Beyond the usual concerns in software development, machine learning development comes with additional challenges. These include trying multiple algorithms and parameters to get the best results, track these runs for reproducibility, and moving the model to diverse deployment environments. This tutorial provides a hands-on experience of managing the complete machine learning lifecycle using MLflow.

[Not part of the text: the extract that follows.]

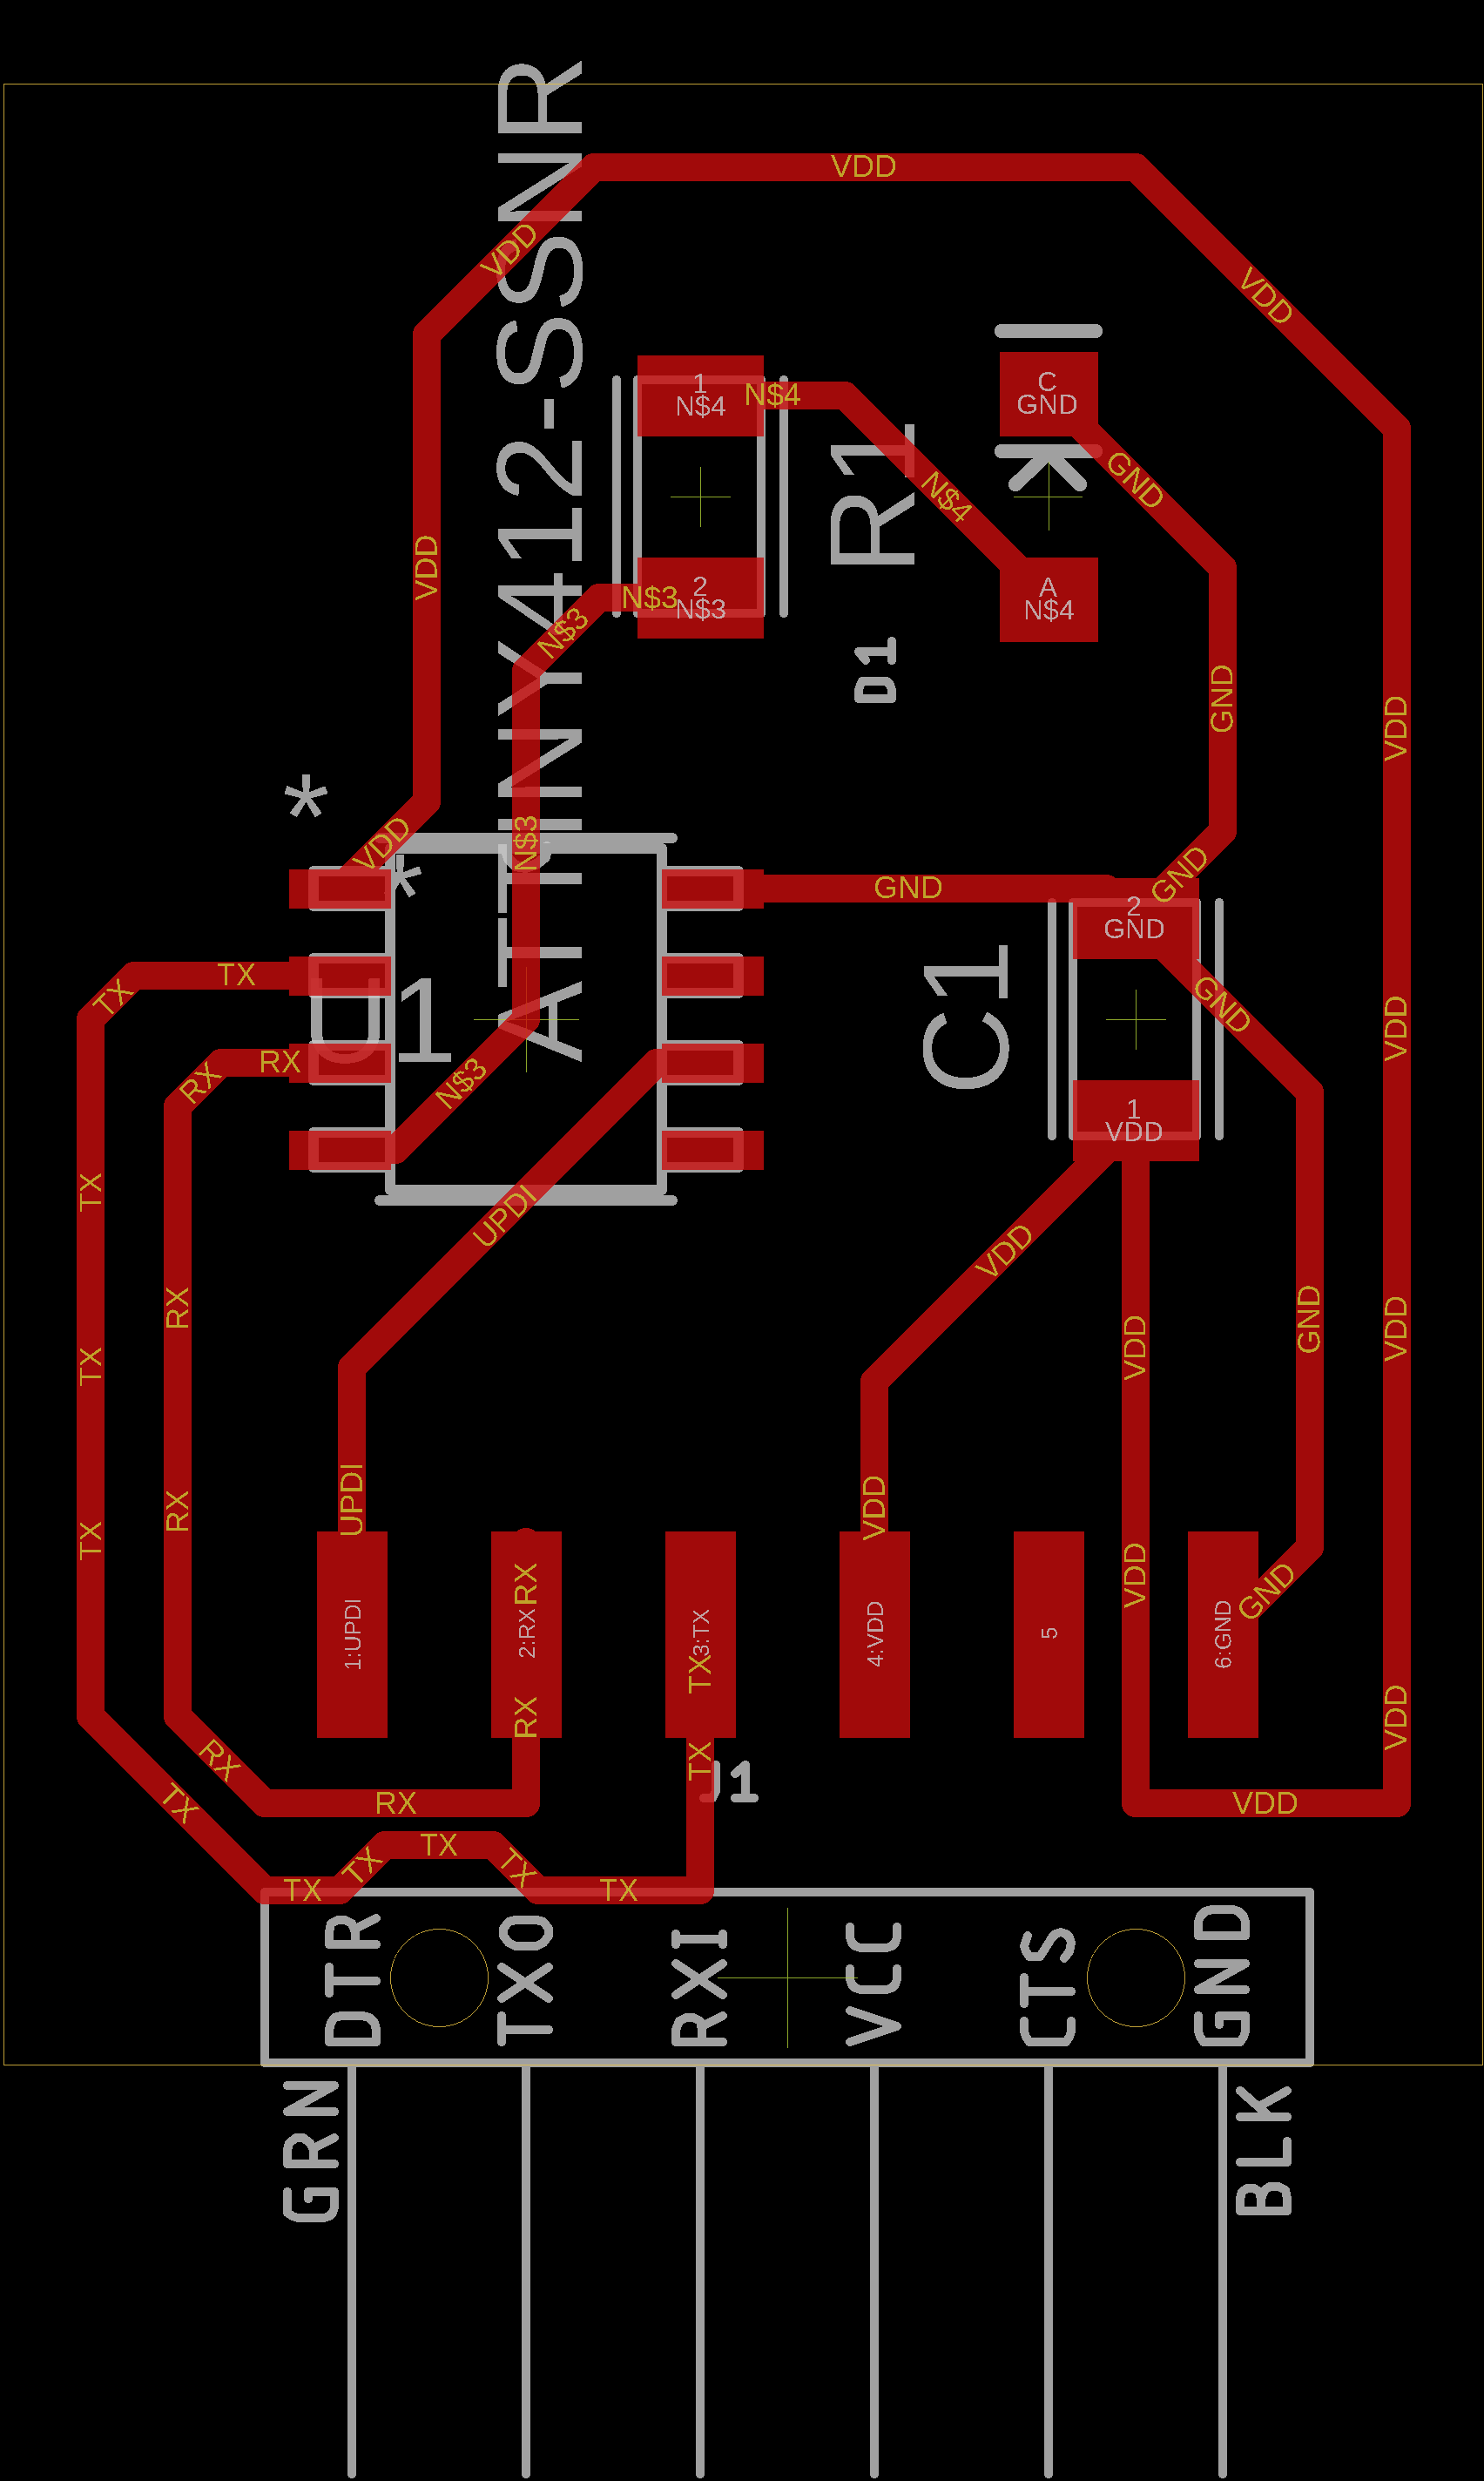 The serial board layout.

In theory, the crux of machine learning (ML) development lies with data collection, model creation, model training, and deployment. In reality, machine learning projects are not so straightforward. They are a cycle iterating between improving the data, model, and evaluation that is never really finished. Unlike in traditional software development, ML developers experiment with multiple algorithms, tools, and parameters to optimize performance, and they need to track these experiments to reproduce work. Furthermore, developers need to use many distinct systems to productionize models.
In this tutorial, we introduce MLflow, an open-source platform that aims at simplifying the entire ML lifecycle where we can use any ML library and development tool of our choice to reliably build and share ML applications. MLflow offers simple abstractions through lightweight APIs to package reproducible projects, track results, and encapsulate models that are compatible with existing tools, thereby, accelerating ML lifecycle of any size.
With the help of an example, we will show how using MLflow can ease bookkeeping of experiment runs and results across frameworks, quickly reproducing runs on any platform (cloud or local execution), and productionizing models on diverse deployment tools.
At the end of this tutorial, you will be familiar with –
The purpose of the tutorial is to introduce the audience to MLflow and give a taste of the ML development lifecycle. It is intended at providing a breadth than depth survey of MLflow platform, and we leave the audience to experiment with it further through a takeaway exercise.